Guardavalle non deve e non intende rimanere indietro, sembra questo l’intento del gruppo di Associazioni attive sul territorio comunale che hanno firmato la richiesta per un incontro informativo sul PNRR con i Commissari Straordinari del Comune Dott. Umberto Pio Antonio Campini, Dott.ssa Manuela  Currò, Dott. Gino Rotella.

I promotori chiedono anche la presenza dei Tecnici Responsabili.

<<Riteniamo importante – si legge nel documento che le Associazioni hanno inviato alla Triade Commissariale – poter conoscere cosa prevede il più grande investimento della storia della Repubblica Italiana.

Servono riflettori puntati sui territori, idee e competenze. Sarebbe utile istituire una sorta di cabina di regia locale per mettere a fuoco le necessità del territorio, le risorse identitarie da valorizzare ed armonizzare, costruendo nuove forme di coesione sociale con un nuovo senso di responsabilità.

Proponiamo di estendere l’ invito a tutte le associazioni attive sul territorio comunale, apportando un proprio contributo basato sull’ esperienza diretta.>>

Elenco delle Associazioni firmatarie:

Associazione Avis
Centro di aggregazione sociale Guardavalle Marina
Centro di aggregazione sociale Auser Guardavalle Centro
Associazione Giada
Associazione Punta Stilo
Associazione Syrleto Valley
Associazione Scuola Calcio
Associazione Arsaa
Associazione MaryWebEventy

Andando più nel dettaglio, precisiamo che il PNRR si sviluppa lungo 16 Componenti, funzionali a realizzare gli obiettivi economico-sociali definiti nella strategia del Governo.
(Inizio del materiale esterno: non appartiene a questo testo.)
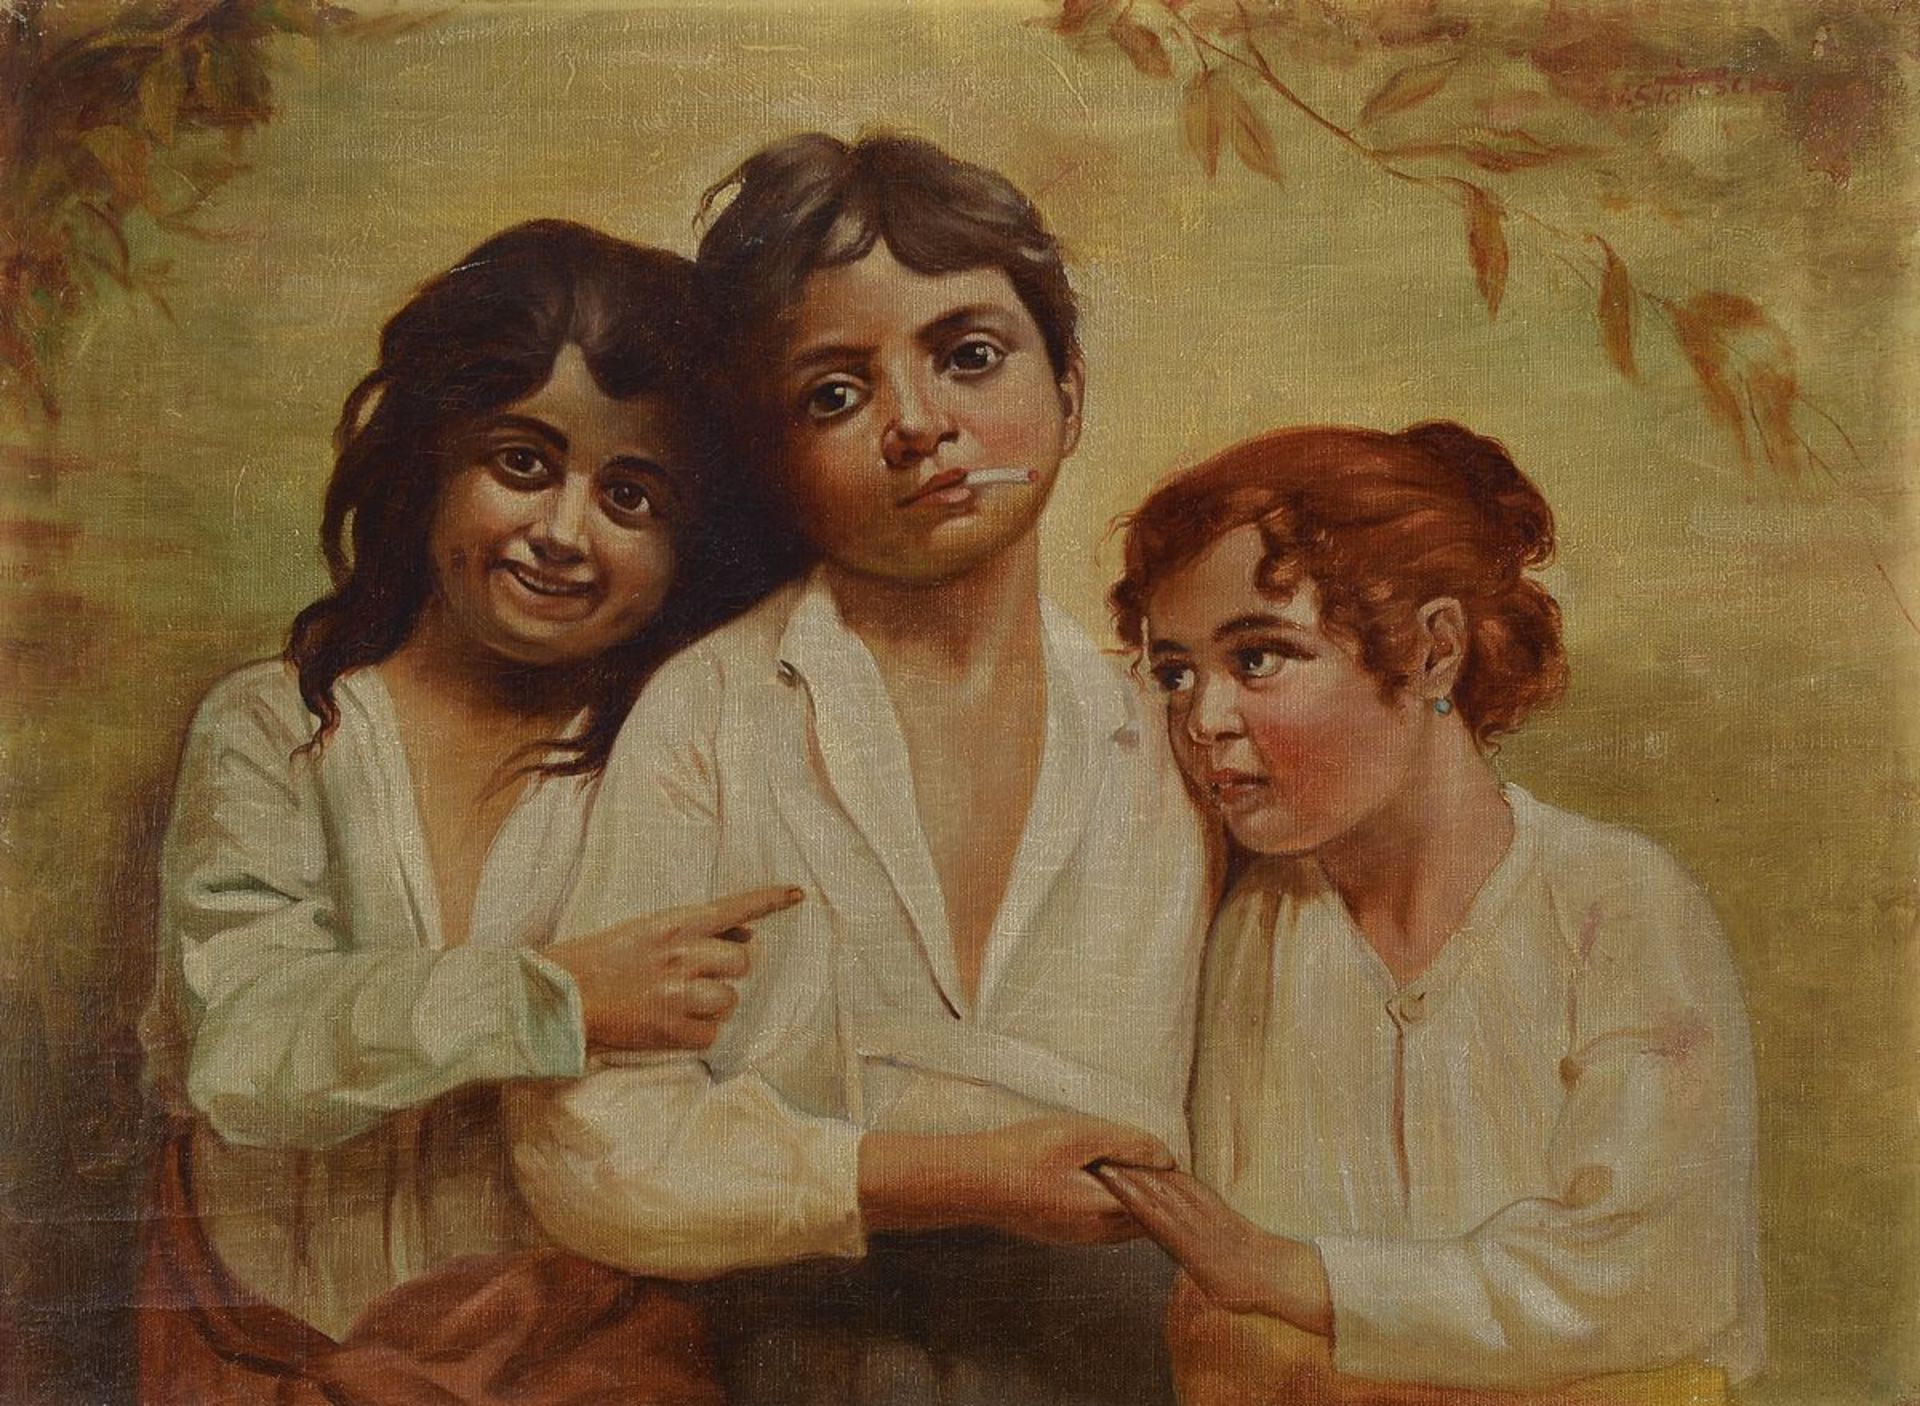 Ioan Statescu, 1892-1968, drei Kinder, der Junge in der Mitte eine Zigarette rauchend, Öl/Lwd auf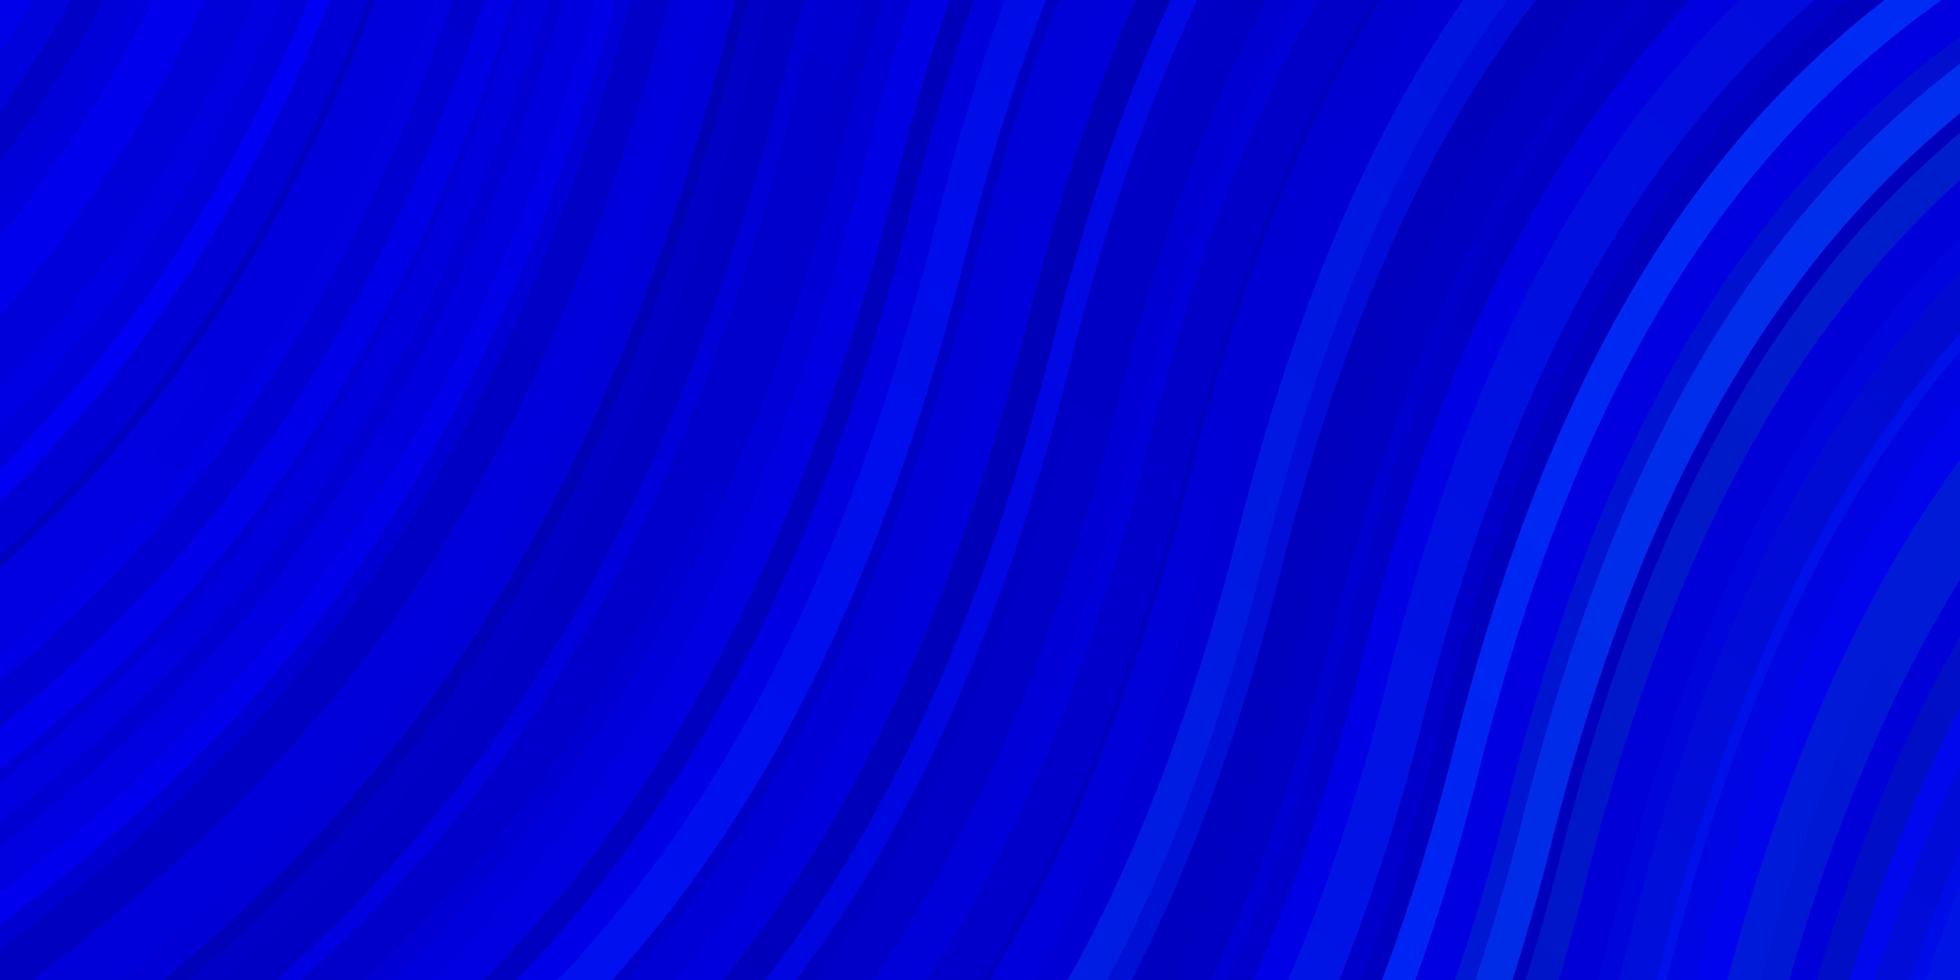 Fondo de vector azul claro con líneas torcidas.

Tali componenti sono raggruppate in 6 Missioni fondamentali.

Per ogni Missione sono indicate le riforme necessarie a una più efficace realizzazione degli interventi. 63 riforme in tutto, che si possono suddividere nelle seguenti tipologie:

Riforme orizzontali (o di contesto), innovazioni strutturali dell’ordinamento volte a migliorare l’equità, l’efficienza, la competitività e il quadro economico del Paese;
Riforme abilitanti, funzionali a garantire l’attuazione del Piano e in generale a rimuovere gli ostacoli amministrativi, regolatori e procedurali che condizionano le attività economiche e la qualità dei servizi erogati;
Riforme settoriali (contenute nelle singole Missioni), innovazioni normative relative a specifici ambiti di intervento o attività economiche, destinate a introdurre regimi regolatori e procedurali più efficienti nei rispettivi ambiti settoriali;
Riforme concorrenti, cioè misure non comprese direttamente nel Piano, ma necessarie alla realizzazione degli obiettivi generali del PNRR (come ad esempio la riforma fiscale o il potenziamento del sistema di ammortizzatori sociali).

Missione 1 – Digitalizzazione, competitività, cultura e turismo
Promuovere la transizione digitale nella PA, nelle infrastrutture di comunicazione e nel sistema produttivo, migliorare la competitività delle filiere industriali e rilanciare due settori che distinguono l’Italia: il turismo e la cultura.

Missione 2 – Rivoluzione verde e transizione ecologica
Incentivare la sostenibilità sociale ed economica, con interventi che coinvolgono aree come l’agricoltura, la gestione dei rifiuti, l’utilizzo di fonti di energia rinnovabili e la biodiversità del territorio.

Missione 3 – Infrastrutture per una mobilità sostenibile
Modernizzare e potenziare la rete ferroviaria (soprattutto nel Sud), ottimizzare e digitalizzare il trasporto aereo, garantire l’interoperabilità della piattaforma logistica nazionale per la rete dei porti.

Missione 4 – Istruzione e ricerca
Colmare le carenze nel sistema dell’istruzione lungo tutte le fasi del ciclo formativo, dall’asilo nido fino all’università, rafforzando i sistemi di ricerca e offrendo nuovi strumenti per il trasferimento tecnologico.

Missione 5 – Inclusione e coesione
Investire nelle infrastrutture sociali, rafforzare le politiche attive del lavoro, sostenere l’alternanza scuola-lavoro e l’imprenditoria femminile, con particolare attenzione alla pro

Missione 6 – salute
Rafforzare la prevenzione e l’assistenza tramite l’integrazione tra servizi sanitari e sociali e la digitalizzazione del SSN, potenziare il Fascicolo Sanitario Elettronico (FSE) e la Telemedicina, promuovere la formazione del personale sanitario e la ricerca scientifica.